Auto-judge heuristics (since user isn't watching):

  • Does output match format described in requirements?
  • Is it curated (top 3-5 items) or raw dump (20+ items)?
  • Are there unexplained numbers without context?
  • Does it answer the user's question or just return data?

If any heuristic fails → PAUSE with specific concern.

Step 7: Gate (Precommit)

Run /precommit full mode. All steps mandatory:

  • Step 1: Instruction compliance
  • Step 2: Test quality audit
  • Step 2b: Test suite execution (if runner exists)
  • Step 3: Code standards + G-IMPL-6 (no easy way out)
  • Step 5: Project rules compliance
  • Step 5b: README validation+fix (readme-validator in fix mode)

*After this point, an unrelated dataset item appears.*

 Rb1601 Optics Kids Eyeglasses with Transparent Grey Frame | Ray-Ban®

Auto-fix minor issues: missing imports, naming violations, missing .env.example entries. PAUSE on: unaddressed instructions, architectural decisions, ambiguous choices, test failures that aren't obvious.

Step 8: Eval Gate

Run /evaluate quick mode on the current slab (Opus).

Score Action
≥ 95% Proceed to commit
70-94% Auto-fix mechanical issues (naming, missing tests, formatting). Re-eval ONCE. If still < 95% → PAUSE
< 70% PAUSE immediately — something fundamental is wrong

Commit requires: precommit passing AND eval ≥ 95%. Both gates, not either.

Step 9: Auto-Commit

If all gates pass:

  1. Stage specific changed files (never git add -A)
  2. Commit with descriptive message following G12
  3. Format: [slab N/M] <what this slab does> (<test count> tests)
  4. Push only if user previously authorized pushing

Step 10: Next Slab or Final

If more slabs remain → loop to Step 5 (build). If all slabs complete → proceed to Final Quality.

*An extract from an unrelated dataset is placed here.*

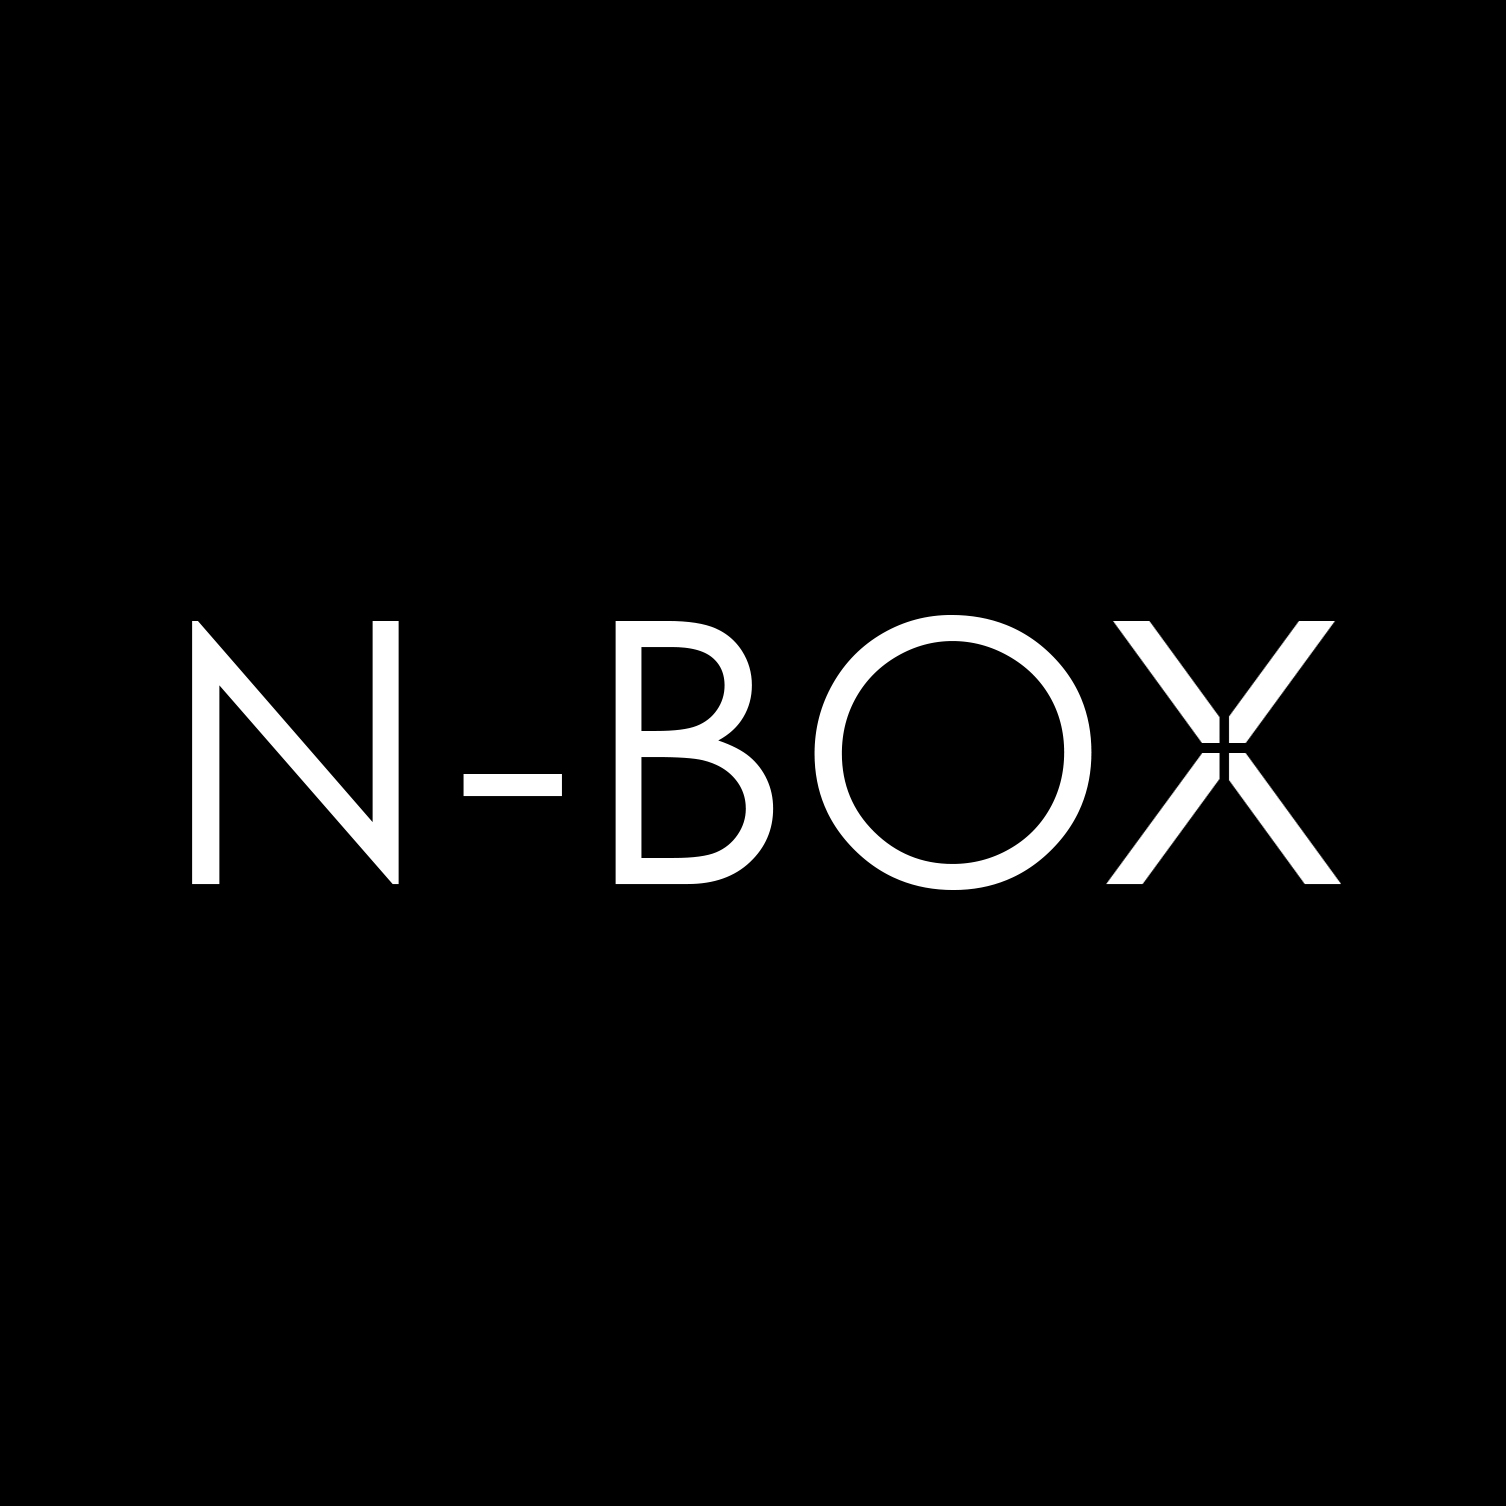 NBOX Visual

Step 11: Final Quality (Opus)

  1. /evaluate full — all dimensions, all slabs, overall score
  2. readme-validator in fix mode — validate+fix entire README line-by-line
  3. Guardrail audit — scan all committed code for violations:
    • G-IMPL-6 (no shortcuts)
    • G-PUSH-1 (precommit ran)
    • G-PC-1-5 (test quality, instructions)
    • G-AUTO-1 (evidence citations)

If any violation → fix and re-commit. If unfixable → report to user.

Step 12: Cleanup (Sonnet)

  1. Consolidate key decisions from requirements/, architecture/, reports/ into README "Architecture Decisions" section
  2. Archive artifacts: archive/<date>/requirements/, archive/<date>/reports/
  3. Update project-state.md: mark all features as verified
  4. Delete HANDOFF.md (work is complete)
  5. README becomes source of truth — must contain: what, install, run, test, debug, env vars, decisions

Token Tracking

Estimate context usage: ~4 characters per token.

Checkpoint Threshold Action
After each phase ~20K tokens (~80K chars) Continue
Approaching limit ~25K tokens (~100K chars) Pre-compute next slab plan, prepare for handoff
At limit ~32K tokens (~128K chars) Generate HANDOFF.md, stop

Handoff Protocol

When token limit approached:

  1. Commit all work done so far
  2. Pre-compute code change plan for next slab (so new session can execute immediately)
  3. Generate HANDOFF.md in project root (see project-state-template.md for format)
  4. Update project-state.md with full status
  5. Report: "Context limit approaching. Handoff file created. Start new session to continue."

Pause Protocol

When auto mode pauses:

AUTO PAUSED at [slab N/M], [step name]

Reason: [specific issue — not generic]
What I need: [specific question or decision]
What's done: [slabs committed, tests passing]
What's committed: [commit hashes]
Evidence reviewed: [what was checked before pausing]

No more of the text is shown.